安倍政権よ、学者の意見を聞け――。国会で安保法案は「憲法違反だ」と批判した長谷部恭男早大教授と小林節慶大名誉教授が15日、日本記者クラブで会見。「法理」より「感情」優先で「合憲」と言い張る安倍政権に“再反論”し、安保法制のデタラメぶりを、改めて世界に訴えた。
まず、外国人記者からの質疑時間で反論の火ブタを切ったのは長谷部氏だ。「憲法学者の言う通りにしていたら、日本の平和と安全は守れない」と強弁する自民党の高村正彦副総裁について聞かれると、こう答えた。
「今回の安全保障法案は日本の安全を、むしろ危うくすると考えております。日本の安全を確実に守りたいのであれば、ぜひ学者の意見を聞くべきだと思っています」
学者をコケにし続ける高村に、普通ならブチ切れてもよさそうだが、長谷部、小林両氏は冷静だった。特に長谷部氏は、4日の「憲法審査会」に、自民党の参考人として出席したにもかかわらず、後から「人選ミスだ」とメチャクチャなイチャモンをつけられている。このことについても、長谷部氏はこう応じた。
「事務局が私を選んで、自民党が受け入れたと私は伺っています。コンスティテューショナリズム(立憲主義)の専門家で呼ばれたが、その人間がたまたま憲法9条について発言したのが、『けしからん』ということなのでしょう。しかし、私は質問があれば、自分の思っていることを答えるだけだと思います」
あくまで自分は真実を話すだけ――。
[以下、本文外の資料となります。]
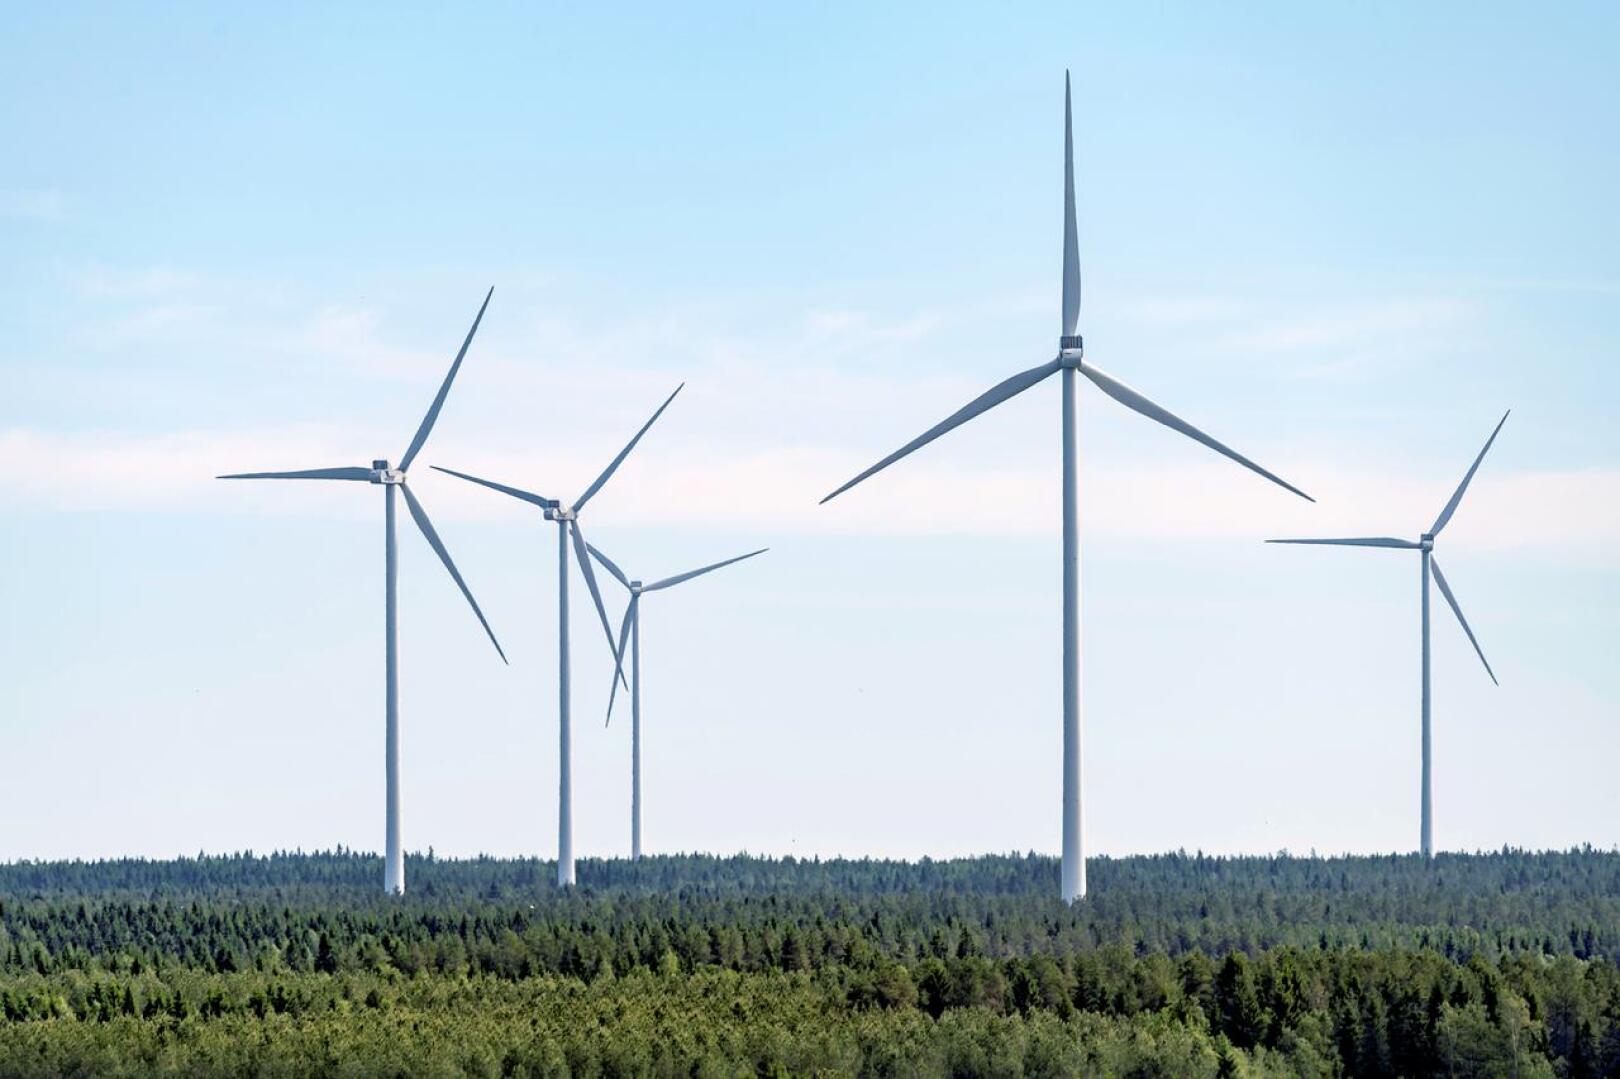 Kahdeksan voimalan tuulipuisto. Suunnitelmien mukaan sähköt, tiet ja perustukset valmistuvat heinäkuussa 2022 ja tuulipuisto alkaa tuottaa sähköä loppuvuodesta 2022.

会見で長谷部氏はクールな態度を貫いた。子供のケンカのように幼稚な論理をふっかける安倍政権と、同じ土俵に立つつもりはないのだろう。安倍首相が米上下両院合同会議で行った英語スピーチとは違い、長谷部氏の流暢な英語に外国人記者は何度もうなずいていた。
小林氏も時折、ジョークを交えながら安倍政権を痛烈に批判。仮に安保法制が成立した場合、「平和を傷つけられた」として政府を相手に訴訟の準備をしていることを明言した上で、こう話した。
「恐ろしいのは、安保法制のような憲法違反がまかり通ると、憲法に従って政治を行うというルールがなくなり、北朝鮮のような国になってしまうことです。キム家と安倍家が一緒になっちゃう。それは絶対阻止しなければいけない。安倍さんのいうとおりにしたら、日本の自衛隊はアメリカの軍隊の“二軍”になるだけで、何ひとついいことはない。だから、安保法制は撤回すべきで、撤回しないならば選挙で倒すべきです」
両氏によると、95%もの憲法学者が安保法制は「違憲だ」としているという。菅義偉官房長官は「違憲ではないという学者もいっぱいいる」と言った後、「数の問題ではない」と取り繕ったが、「95%」という数字は大問題だろう。憲法学の権威である2人の再反論に安倍政権はグウの音も出ないんじゃないか。